Some four years later, Crawford recalled during a recent interview, he was standing in the driveway of Ray Hinds, who then held the position of district representative, making a pitch about why Hinds and the co-op should hire him.

Several hours later, Hinds hired Crawford and eventually took Crawford under his wing.

“He (Hinds) taught me so much about line work,” said Crawford, adding that the way a person went about becoming a lineman back in the mid 1970s was significantly different from today.

“We just went out and learned on the job,” said Crawford. Maintaining rights-of-way was also a less formal affair then versus now, said Crawford, adding the biggest change he has witnessed as a lineman is the disappearance of working farms.

Crawford views bringing power to the back country as the co-op’s primary mission.

He said hooking someone up to the grid remains a joy for him.

“It’s just an adrenaline thrill,” he said, and that feeling, along with his co-workers and members, will be what he will miss in retirement.

Co-op President and CEO Steve Camerino said Crawford did the co-op proud.

“Woody is one of the most exceptional people I’ve met in over 35 years in the workforce. For the last 43 years he’s been there for our members whenever they’ve needed him. His ability to balance caring for others, fulfilling his professional obligations, and being true to himself is unlike anyone I’ve ever met. Those traits have made him a leader in the co-op, and someone who can’t really be replaced.”

Richard Adams Carey, author of “In the Evil Day: Violence Comes to One Small Town,” called Crawford “one of the many heroes” in Colebrook on the day of Aug. 19, 1997, when Carl Drega — a loner nursing a quarter-century’s worth of land-use grudges — shot and killed four people: NH State Troopers Scott Phillips and Les Lord; Colebrook District Court Judge Vickie Bunnell; and Dennis Joos, editor of the Colebrook News & Sentinel.

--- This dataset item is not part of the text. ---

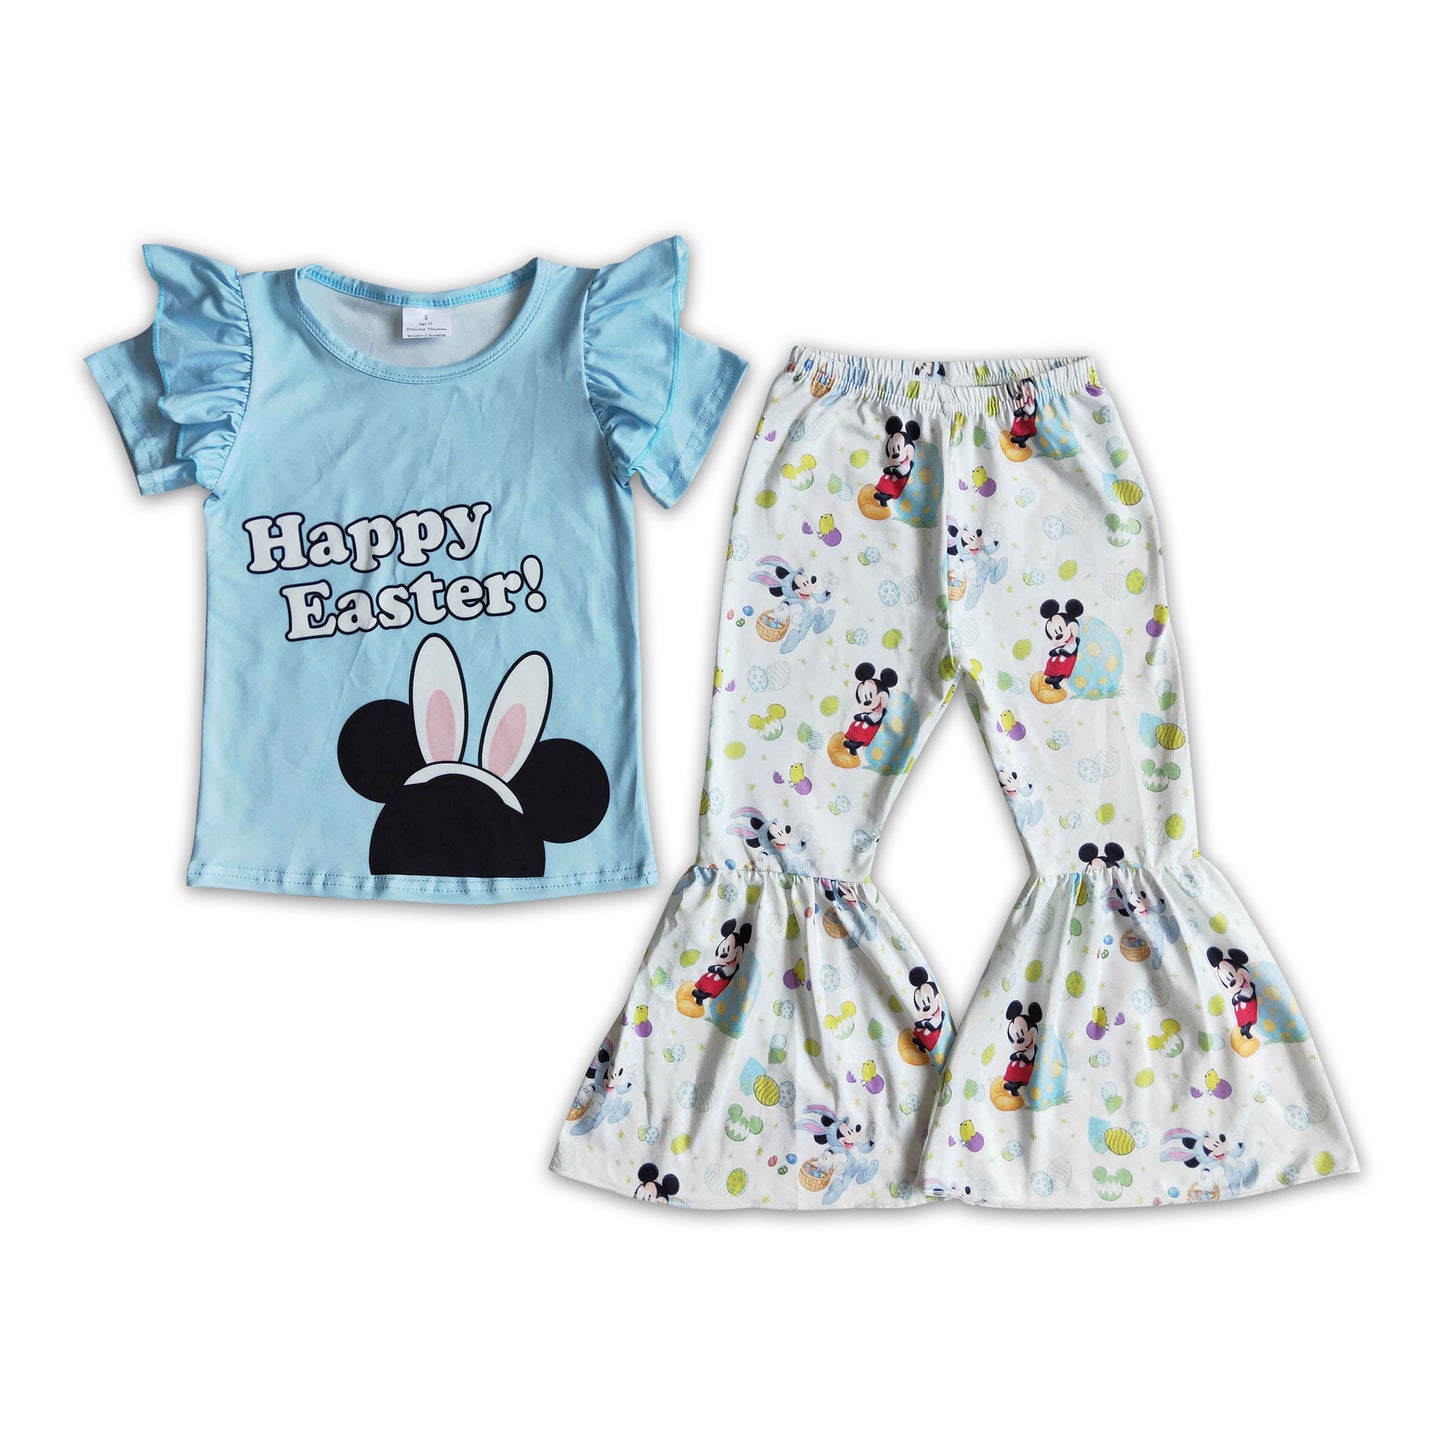 Happy easter short sleeve bell bottom pants set girls cute clothes

At the time of the shooting of the troopers, Crawford and his partner Mark Monahan were responding to an outage north of their office. They observed Lord get shot and Drega, carrying an assault rifle, made threatening gestures at the men, said Carey.

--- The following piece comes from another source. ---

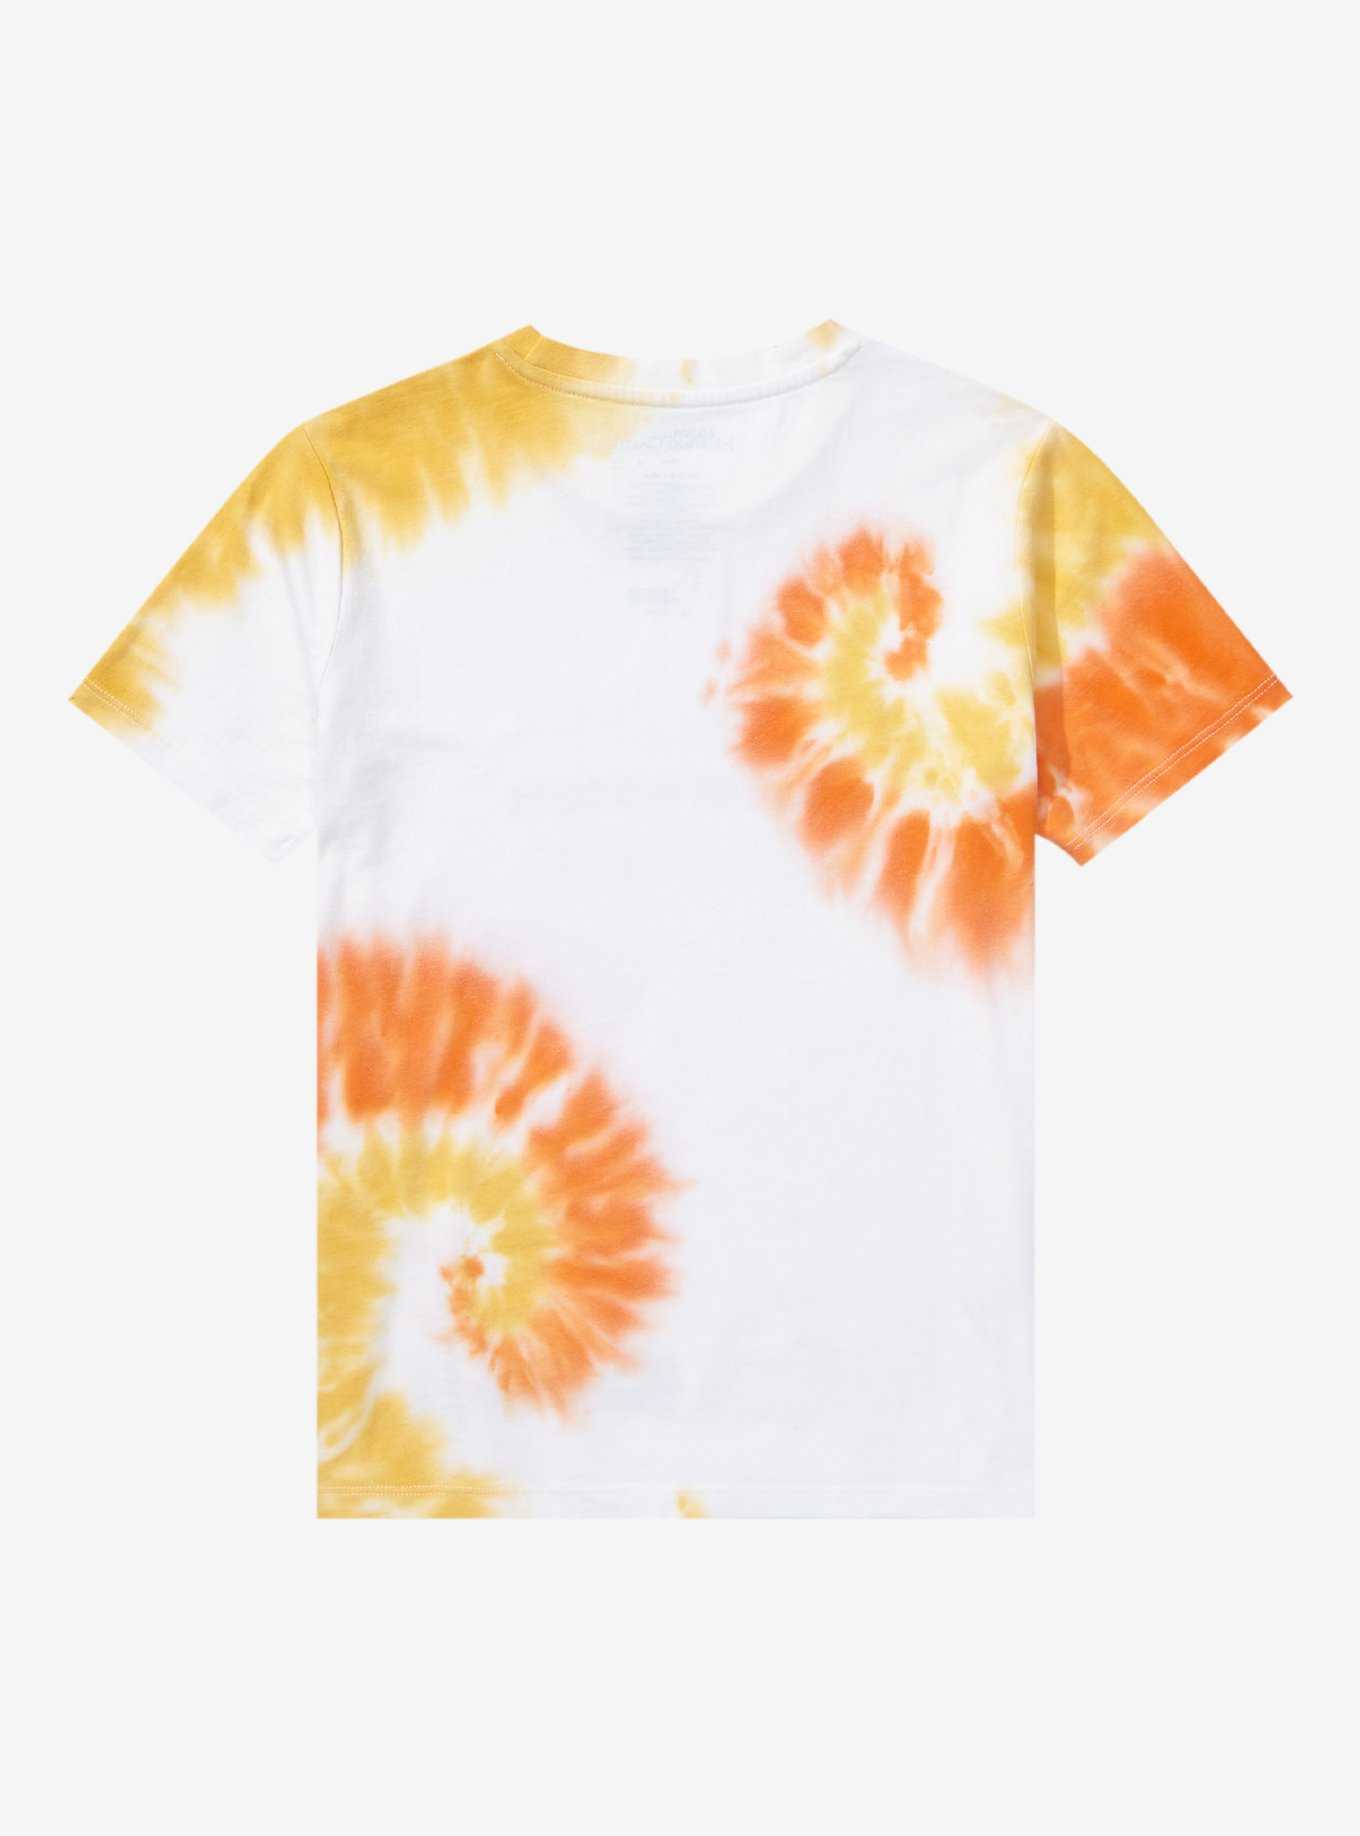 Studio Ghibli Howl's Moving Castle Calcifer Tie-Dye Youth T-Shirt - BoxLunch Exclusive, , hi-res

Nonetheless, the duo decided to do something and they got back in their co-op truck and drove down Route 3 “stopping traffic and possibly saving the lives of those who might have wandered into the IGA and gotten into the middle of it all,” said Carey.

Crawford, who is the father of three children — Cassie and twin sons Tyler and Garrett — said the day of the shootings was one of the darkest of his life, made more so by his close personal connection to both the Bunnell and Lord families.

The most senior of the co-op’s unionized employees and a former steward with the IBEW Local 1837, Crawford said his retirement comes at a good time for the Colebrook District Office, which just last week hired a new worker to join the staff and recently saw the promotion of Jeff Young to the post of district representative.

“I’m leaving with this office being in a good place,” he said, and with many fond thoughts of his time at the co-op which saw him work at nearly every district office and to also travel to Florida and Connecticut to assist in restoring power after storms there.

At the co-op, “everybody is family here,” said Crawford. “They’re always willing to help and to go beyond. I’m going to miss each and every one of them.”

He won’t, however, miss some things about being a lineman, like the physical demands of the job which have seen him tear both rotator cuffs and undergo two hip replacements.

Affectionately known as “The Mayor” around the district office and beyond, Crawford is just beginning to make plans for his post co-op life.

He is certain that he will retire on Jan. 11; that a retirement party in his honor will be held on Jan. 12 at the Colebrook Country Club; and that Jan. 13 will be a day of “recovery.”

On Jan. 14, Crawford said he will begin “a job I couldn’t refuse — jury duty” at Coos County Superior Court.